画中景像正是两人梦中最后所见之处。在刚才的梦里,就在这通往悬崖的山路上,张紫衣举着弯刀在追那条巨蛇,那条巨蛇其实就是沈雪君,是被梦里的魇所施加的障眼法而已。
而沈雪君见到的却是张紫衣举着双刀要砍自己,于是在诧异和惊慌之中边打边逃。
然后两个人的身体莫名其妙被一股无形的力量拉扯住,随即抛下了悬崖,接着就同时醒了过来。这股她们不可见的力量,其实就是来自白柒柒的如意莲叶。
醒过来的时候张紫衣就睡在沈雪君边上,而睡梦之中已经将刀架在了沈雪君的脖子上。两人正互相懵逼的时候,聂音就冲进来叫人了。
“这......”两女都一时半会说不出话来。
“所以,我们本来就是打算在这里捉住这只魇的,它虽然最终还是被捉,但它这次过来的目的并不是因为这幅画。”柏鉴一边将云梦图卷起来一边说道。
“所以是王道灵这个老鬼驱使这只魇过来杀雪君的?没想到正好和你们的捉魇计划重合了?”张紫衣问,这个女人倒也不笨。
“我跟着这只魇进过昆仑宫,就养在宫内后院之中。”阿渔说道。
“果然是这个老畜生,你能杀了他我就不怪你摸我屁股。”张紫衣很生气,对着阿渔说。
“你怪我又能怎样?我也让你摸一下好了。”阿渔吹起了口哨,摇了摇屁股。
“大叔,你看看呀,你管管你们这只死毛球好不好。”张紫衣娇声对柏鉴说。
“我管不着。”柏鉴内心一阵发冷,连忙回绝。
“眼下这只魇没回去,天亮后王道灵恐怕会找个理由前来,还得有所准备。”马克说道。
“假死?”沈雪君忽然说道。
“咦?这倒是个办法。”张紫衣说道。
“我假死你很开心吗?”沈雪君瞪眼道。
“没有,我会假伤心的。”
两个人开始又散发出浓浓的塑料味儿。
“王道灵为什么要杀我?”沈雪君咬了咬牙。
“你觉得他为什么要杀裴寒峰?”马克问道。
“因为裴寒峰暴露了平德山的计划,而你是得知了这个计划,却又不肯归顺他的那个人。”白柒柒在一边补充说道。
沈雪君不说话了。
“那为什么要借我的手杀死雪君?”张紫衣也问道。
“因为你也不肯归顺,而且你们是闺蜜,闺蜜撕逼就是最好的理由。他要往你身上泼脏水,你跳进黄河也洗不清。”马克说道。
张紫衣也不说话了。
“一箭双雕,一石二鸟,一魇两女,一梦二傻。”阿渔摇头摆尾地说道。
“什么乱七八糟的。”马克无语道。
“我们为什么不像上次清虚观那样,直接杀进昆仑宫去?”聂音忽然问。
“上次清虚观我们还是冒险了,顺藤摸瓜过去,没啥思想准备,也没想到清虚观里并不是只有太虚一个人,颂蓬和康平郎也会在,好在我们实力还是够,所以也算有惊无险。”

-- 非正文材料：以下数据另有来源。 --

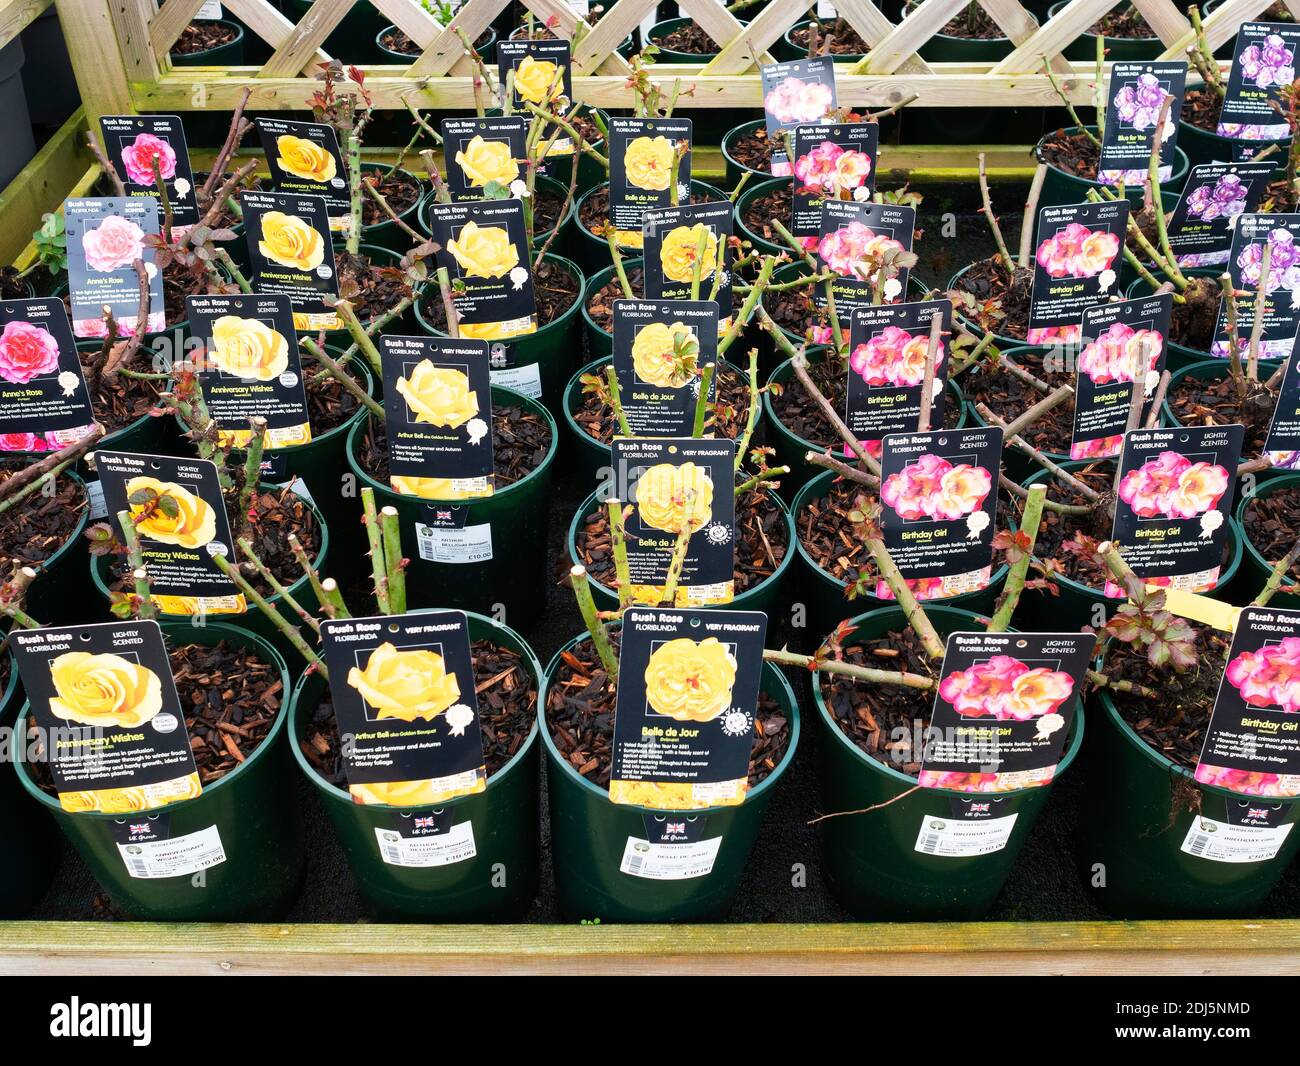 Buschrosen Floribunda mehrere Arten und Farben zum Verkauf in Ein Yorkshire Gartencenter Stockfoto

“这次,平德山不知道在暗中哪里潜伏着,王道灵的万幻杀似乎并不是很好对付,何况老狐狸在此酝酿深耕多年,还不知道他那里有多少雾隐谷的势力。”马克有点犹豫。
“嗯,那我和阿渔前去探探,趁现在还是午夜。”聂音提议。
马克和柏鉴商量了一下,觉得还是可行的,毕竟聂音和阿渔的隐身能力毋庸置疑。
但是保险起见,决定还是由马克、白柒柒和凌云子三人空中策应,聂音和阿渔隐身潜入。柏鉴因为是雾魂术,化作黑烟还是有迹可循,便留在雪山派驻留等候。
众人来到了庭院里,互相叮嘱了一番。聂音和阿渔忽然隐身不见,凌云子取下发髻上插着小剑,迎风一晃,剑身变得又长又阔,登足踏剑,腾空而起。
白柒柒脚下生出青莲,托着她扶摇升上了天空。
马克则现出万羽刀甲,背后两只巨大的银色羽翼呼扇几下,倏忽而起,翱翔在夜色里。
三人在空中会合,一起朝着昆仑宫的位置飞去。
沈雪君和张紫衣的下巴要落下来了,这雾隐谷呆了那么久,还没见过有谁想飞就飞,有谁想隐身就隐身啊。沈雪君不想再继续嫉妒白柒柒的容颜了,实在嫉妒不过来啊,光嫉妒没用,你也要有本事超过她啊,人家会飞。
“柏先生,你们都是从哪里来的?”张紫衣讷讷问道。
“昊苍。”虽然不是全部来自昊苍,但是柏鉴对陌生人一向言简意赅,并不想多解释。
张紫衣闻言,肃然起敬,柏鉴在她眼里的样子越发帅气了。
聂音和阿渔隐身潜入了昆仑宫,殿宇鳞次栉比,昆仑宫门人们都在忙碌准备着什么,在各个屋子间走来走去,有些人手里还端着不少物事,却不知为何物。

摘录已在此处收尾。